The particle size distributions of Lehigh's MRP typically range from 830 μm (20 mesh) to 50 μm (300 mesh), and its MRP is free of foreign particulates, such as metal and fiber.

===Third-Generation Technology===
Lehigh claims that its cryogenic turbo mill technology represents an evolution over previous post-manufactured rubber technologies. The most common rubber processing technology converts end-of-life tire and post-industrial rubber material into rubber chips that are typically one inch or larger. These chips are then used in tire-derived fuel and civil engineering projects. A second-generation processing technology converts end-of-life tire and rubber material into crumb rubber, also known as ground tire rubber (GTR). GTR typically comprises chips between one inch and 30 mesh in size, with the associated fiber and steel mostly removed. This material is used in asphalt, as garden mulch and in playgrounds.

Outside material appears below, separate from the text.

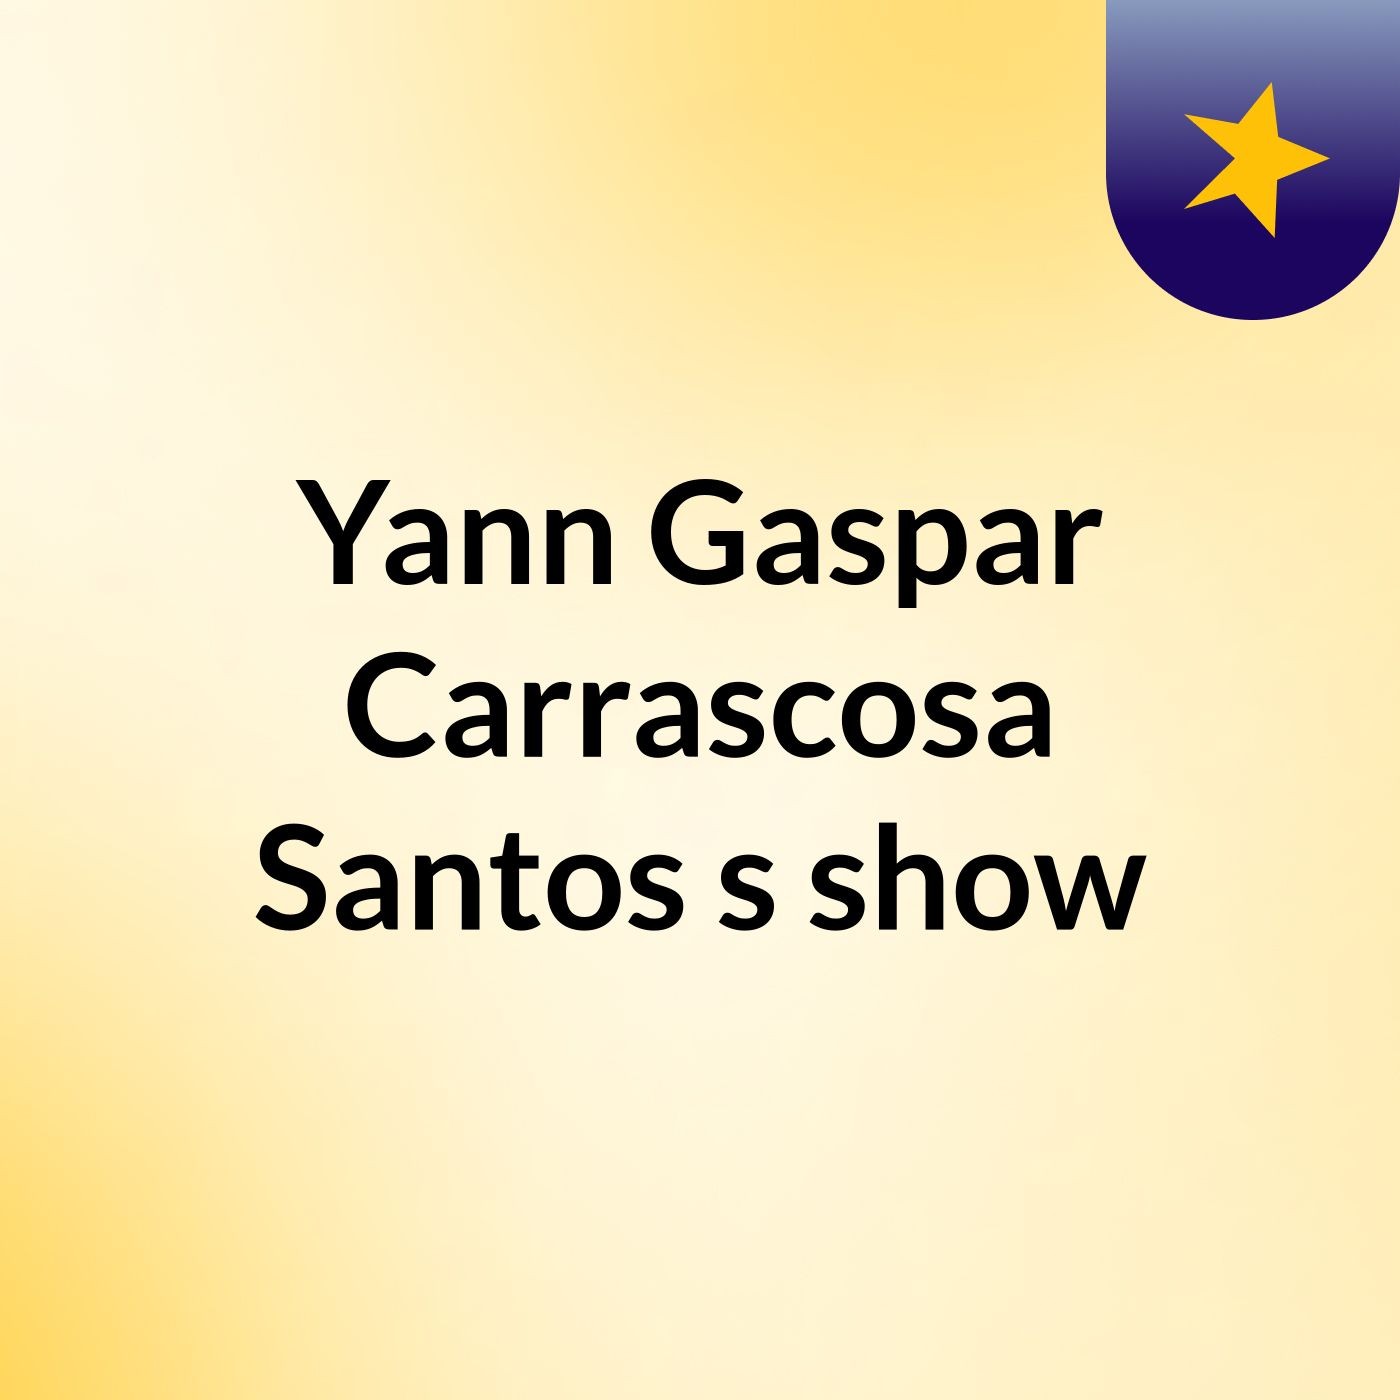 Episódio 3 - Yann Gaspar Carrascosa Santos's show

Because of the material's smaller size, Lehigh markets its micrometer-scale MRP as a third-generation rubber processing technology. MRP's size and composition enables it to be incorporated into advanced and higher-value applications.

==Sustainability==
Lehigh's MRP is used as a compound extender to replace natural rubber and synthetic polymers, as well as to act as a process aid in material production. Lehigh claims that because it replaces commodity-priced rubber- and oil-based feedstocks, MRP can reduce formulation costs. The company has asserted that MRP can offer up to 50 percent cost savings over virgin raw materials in some cases.

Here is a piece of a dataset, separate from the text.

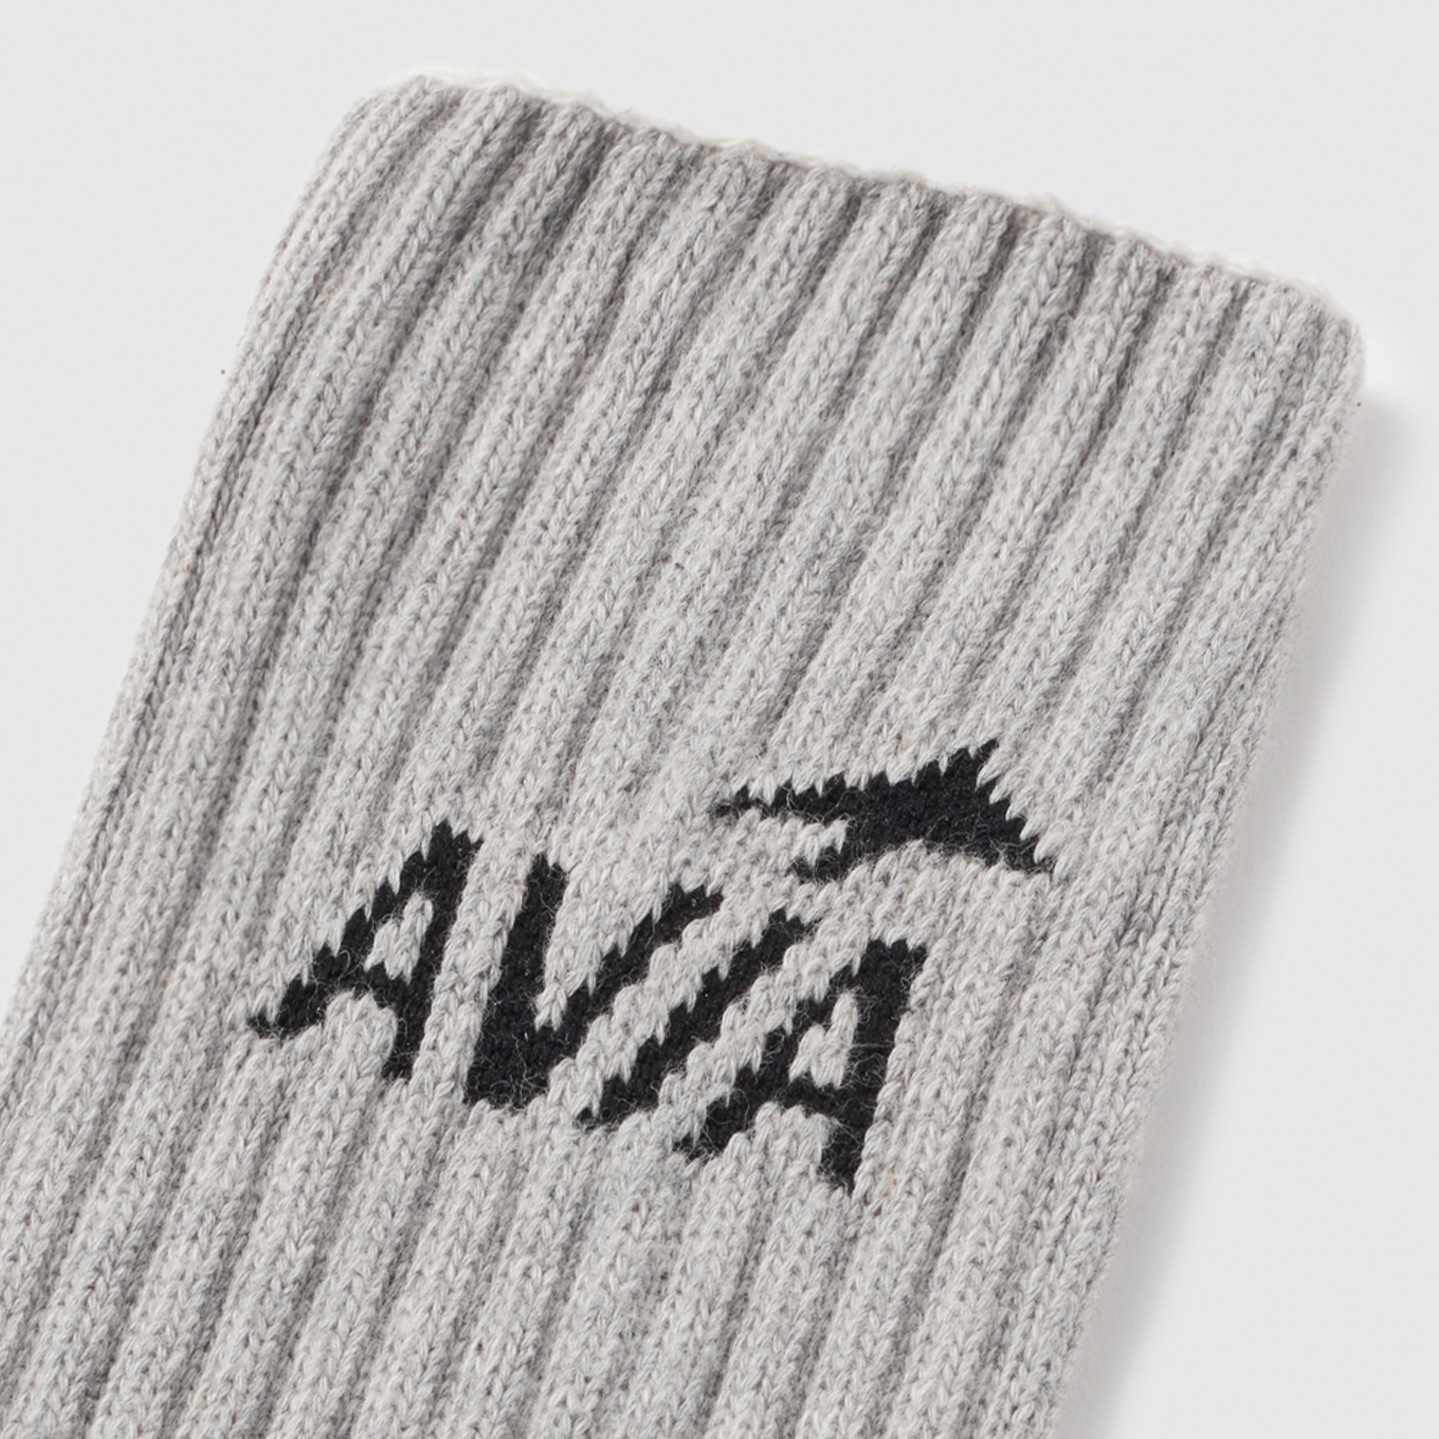 Avia Classic Logo Socks - Gray / Black

Because it is derived from end-of-life materials, MRP can also improve the sustainability, and in some cases the performance, of the compounds in which it is used. For example, Lehigh has stated that the smaller particle sizes of MRP increase the impact strength of certain plastic compositions. However, in all applications, the particle size and loading levels depend on the target application.